Edit /etc/default/corosync
to enable corosync at startup and start the services:
node1~: sudo /etc/init.d/coroync start Starting corosync daemon: corosync. node2~: sudo /etc/init.d/coroync start Starting corosync daemon: corosync.
The following processes should appear on both nodes:
root /usr/sbin/corosync root \_ /usr/lib/heartbeat/stonithd 112 \_ /usr/lib/heartbeat/cib root \_ /usr/lib/heartbeat/lrmd 112 \_ /usr/lib/heartbeat/attrd 112 \_ /usr/lib/heartbeat/pengine 112 \_ /usr/lib/heartbeat/crmd stonithd -> shoot the other node in the head daemon cib -> cluster information base lrmd -> local resource manager daemon pengine -> policy engine crmd -> cluster resource manager deamon
Corosync Status and Ring Management
The ring state is displayed using the command:
node1:~# corosync-cfgtool -s Printing ring status. Local node ID 1018351236 RING ID 0 id = 132.206.178.60 status = ring 0 active with no faults RING ID 1 id = 192.168.1.19 status = ring 1 active with no faults
To enable a fixed-but-used-to-be-faulty ring use command corosync-cfgtool -r
There is an annoying bug in corosync-1.2.x (supposed to be fixed in the upcoming Weaver’s Needle release — a.k.a. corosync 2.y.z) in that if the ring doesn’t initialize correctly there is no way out short of a reboot: restarting the network just doesn’t work as corosync processes simply hang:
~# corosync-cfgtool -s Could not initialize corosync configuration API error 6
What happens is that corosync cannot not bind to network socket(s) and everything becomes fubar. Some info can be found here https://lists.linux-foundation.org/pipermail/openais/2011-January/015626.html
IPMI Configuration for STONITH
In order to use the IPMI resource agent for stonith one must first install some packages on the cluster nodes.
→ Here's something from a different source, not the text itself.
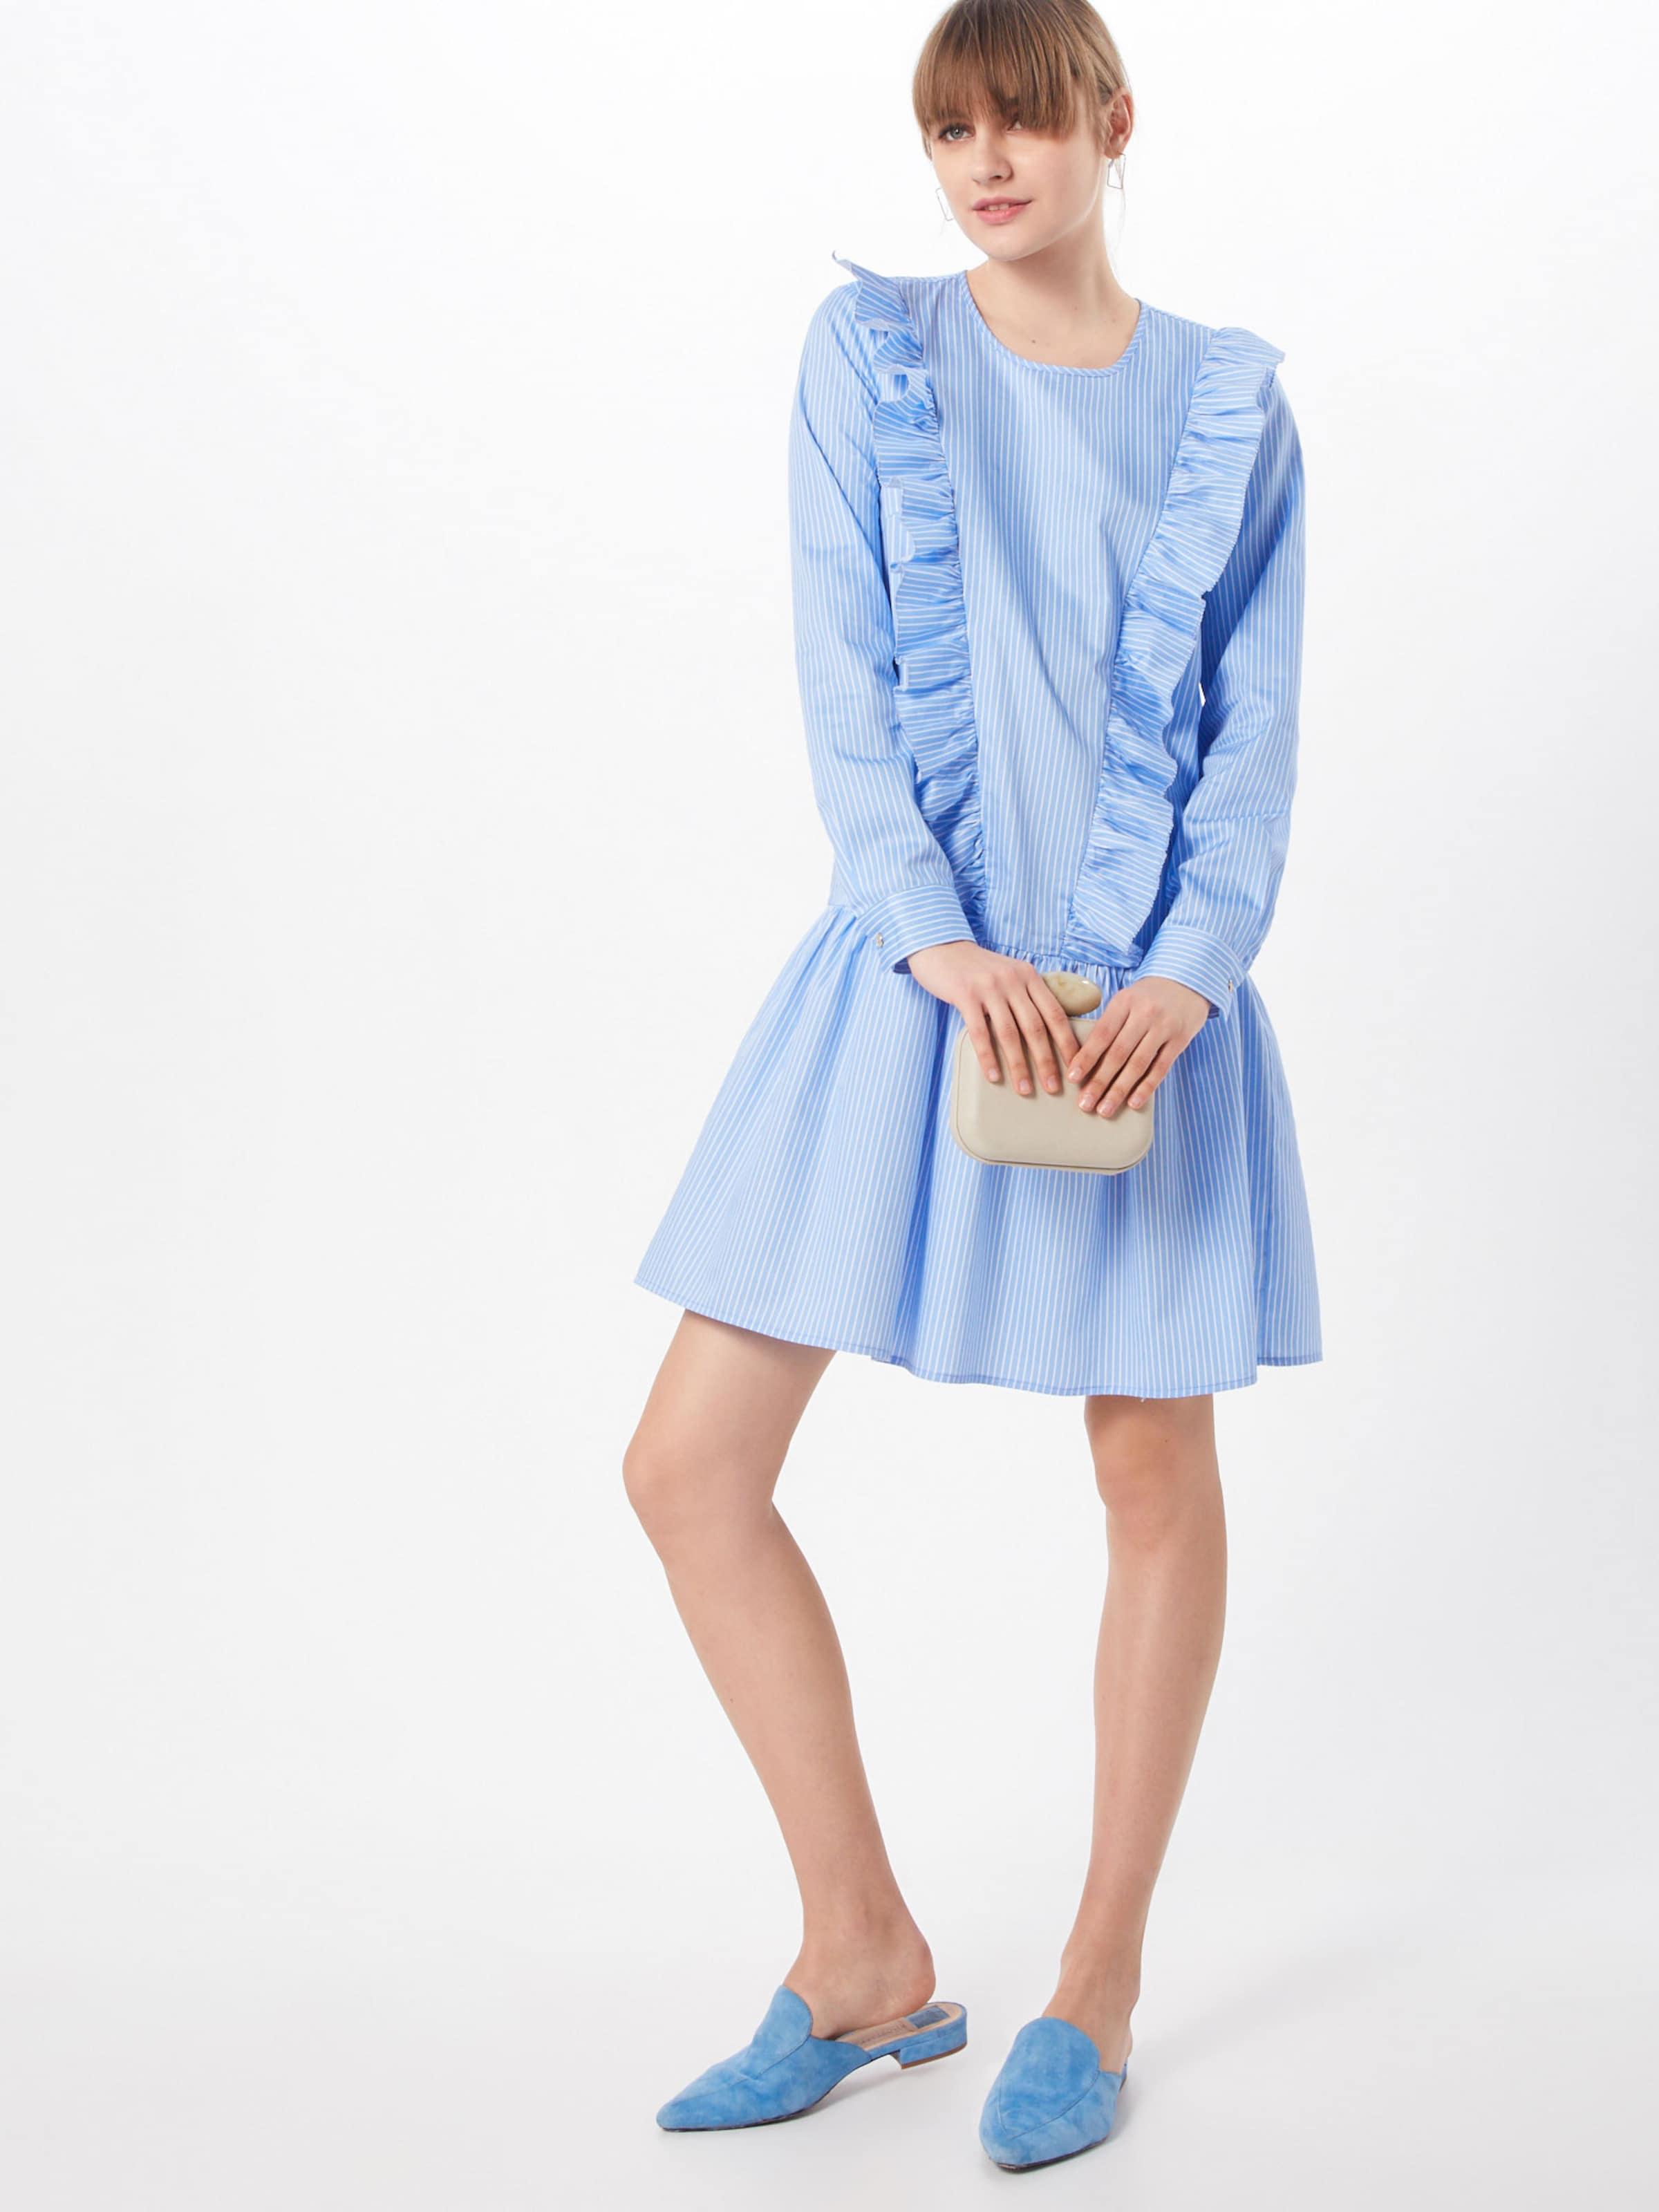 Sofie 's191256' D'été En Robe Schnoor Bleu Rj5A4L

puck:~# apt-get update puck:~# apt-get install ipmitool openipmi
To have the IPMI device handler modules loaded one adds the following line to /etc/modules
# /etc/modules: kernel modules to load at boot time. # # This file contains the names of kernel modules that should be loaded # at boot time, one per line. Lines beginning with "#" are ignored. # Parameters can be specified after the module name. ipmi_si ipmi_devintf
To load the modules do modprobe ipmi_si
and modprobe ipmi_devintf
. If successfull, a new device /dev/ipmi<X>
should be created that allows in-band communications for the BMC.
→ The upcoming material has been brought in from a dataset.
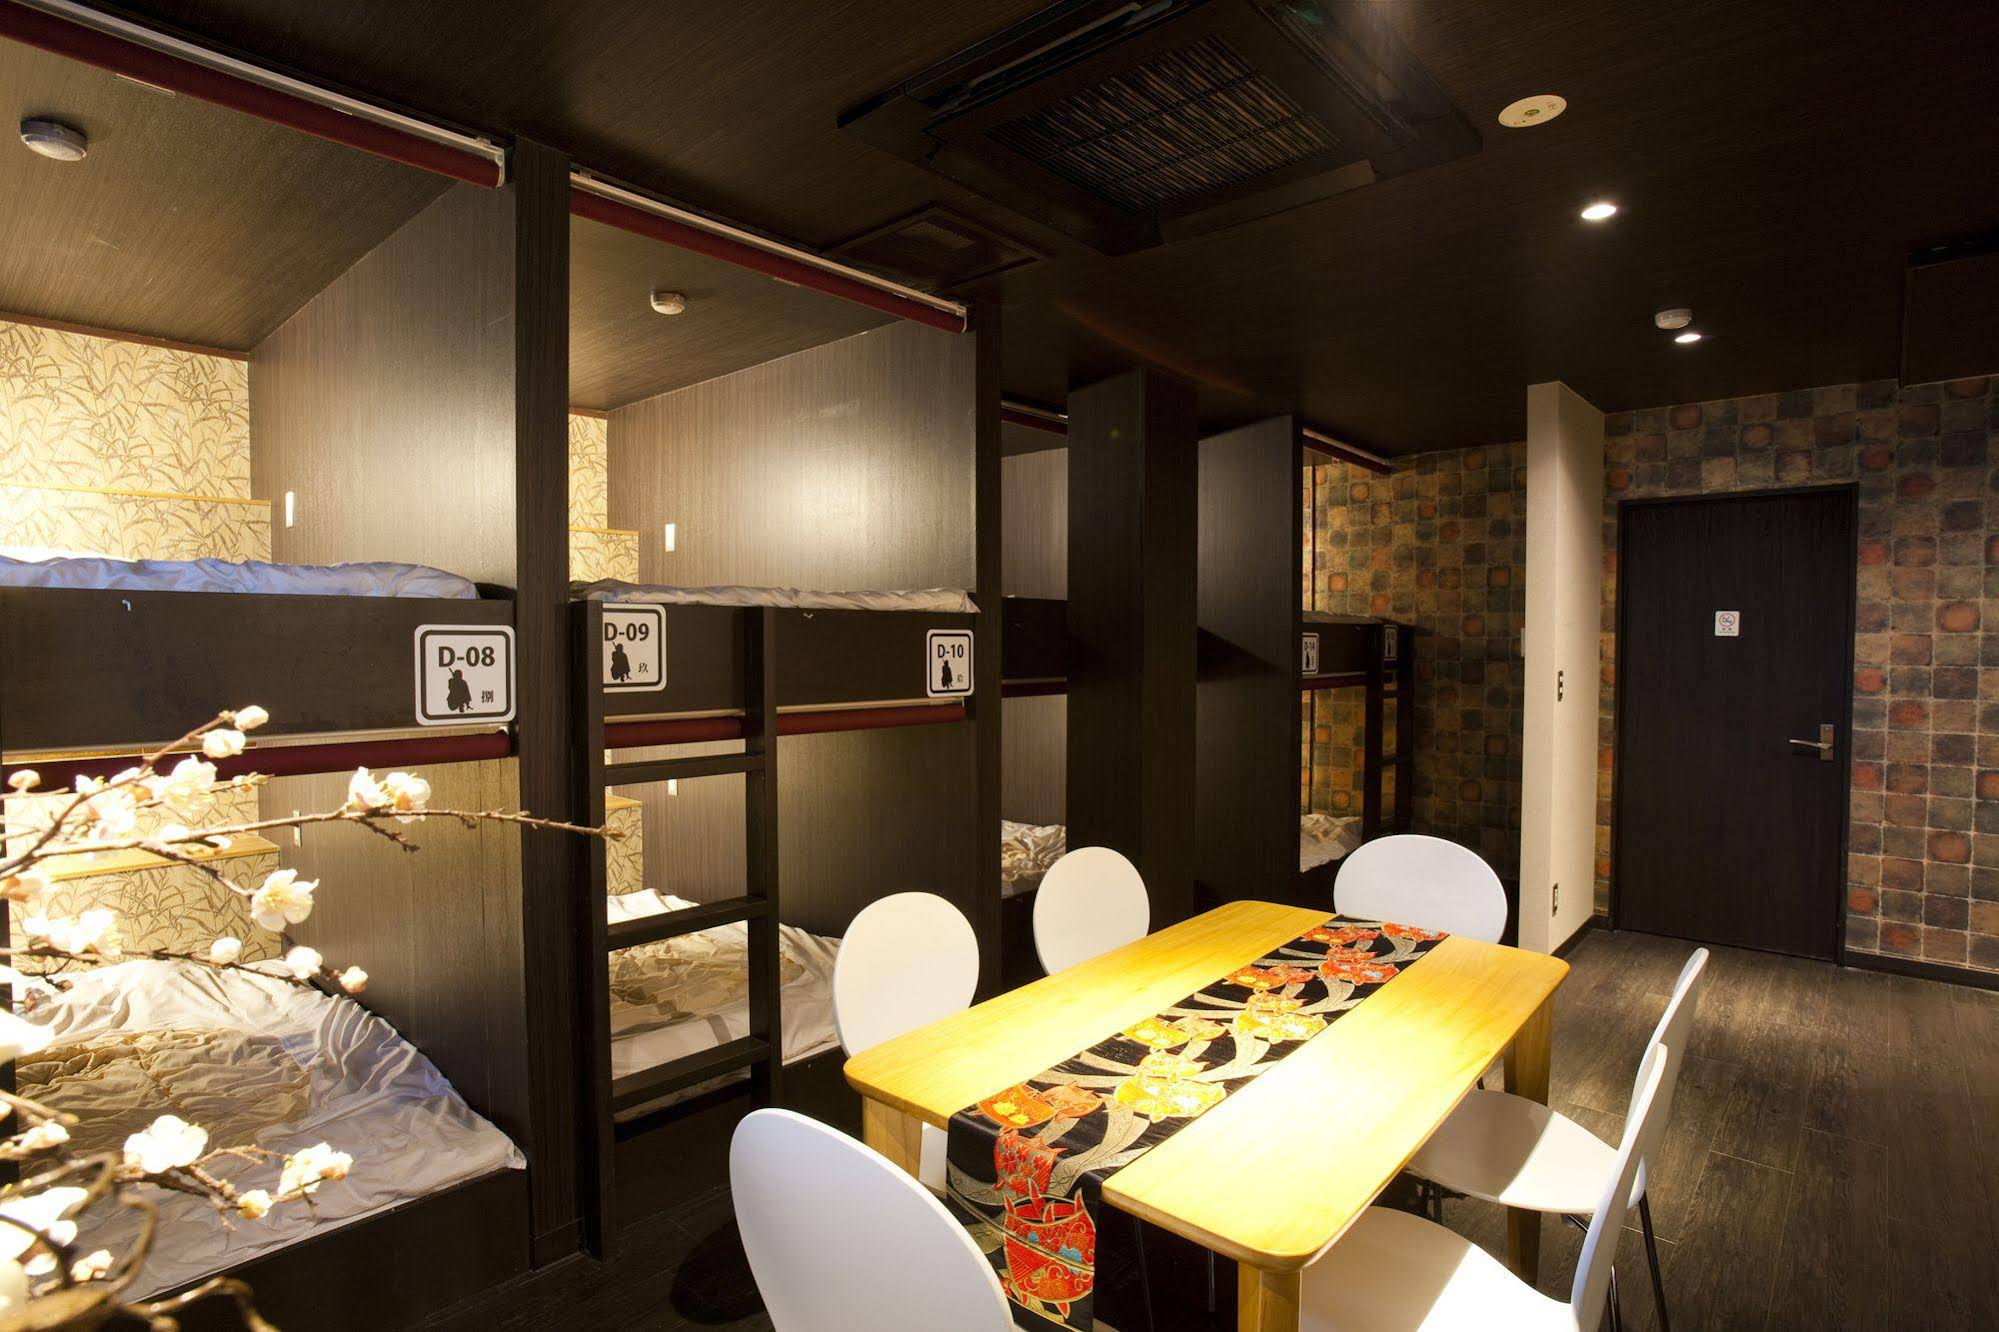 The Ryokan Tokyo YUGAWARA Hostel

The BMC network config is done at the BIOS level, using a static IP address along with broadcast, gateway and netmask (using DHCP is possible). Login through the web interface using the manufacturer default username and password ADMIN/ADMIN. Change the passsord and create another user called root with administrative privileges.
Use ipmitool
command to attempt a connection to the remote node BMC, user root and password in file /root/ipmipass
:
puck:~# ipmitool -I lanplus -H 192.168.1.17 -U root -f /root/ipmipass sel SEL Information Version : 1.5 (v1.5, v2 compliant) Entries : 0 Free Space : 10240 bytes Percent Used : 0% Last Add Time : Not Available Last Del Time : Not Available Overflow : false Supported Cmds : 'Reserve' 'Get Alloc Info' # of Alloc Units : 512 Alloc Unit Size : 20 # Free Units : 512 Largest Free Blk : 512 Max Record Size : 2 puck:~# ipmitool -I lanplus -H 192.168.1.17 -U root -f ./ipmipass sdr FAN 1 | 11881 RPM | ok FAN 2 | 11881 RPM | ok FAN 3 | 11881 RPM | ok FAN 4 | 10404 RPM | ok FAN 5 | disabled | ns FAN 6 | disabled | ns CPU1 Vcore | 0.95 Volts | ok CPU2 Vcore | 0.96 Volts | ok +1.5 V | 1.51 Volts | ok +5 V | 5.09 Volts | ok +5VSB | 5.09 Volts | ok +12 V | 12.14 Volts | ok -12 V | -12.29 Volts | ok +3.3VCC | 3.31 Volts | ok +3.3VSB | 3.26 Volts | ok VBAT | 3.24 Volts | ok CPU1 Temp | 0 unspecified | ok CPU2 Temp | 0 unspecified | ok System Temp | 29 degrees C | ok Chassis Intru | 0 unspecified | ok PS Status | 0 unspecified | nc puck:~# ipmitool -I lanplus -H 192.168.1.17 -U root -f /root/ipmipass chassis power status Chassis Power is on
Pacemaker/CRM (Cluster Resource Manager) Configuration
Cluster Architecture and Internals.
The Pacemaker architecture is described in the Pacemaker documentation available at http://www.clusterlabs.org/doc/en-US/Pacemaker/1.0/html/Pacemaker_Explained/s-intro-architecture.html.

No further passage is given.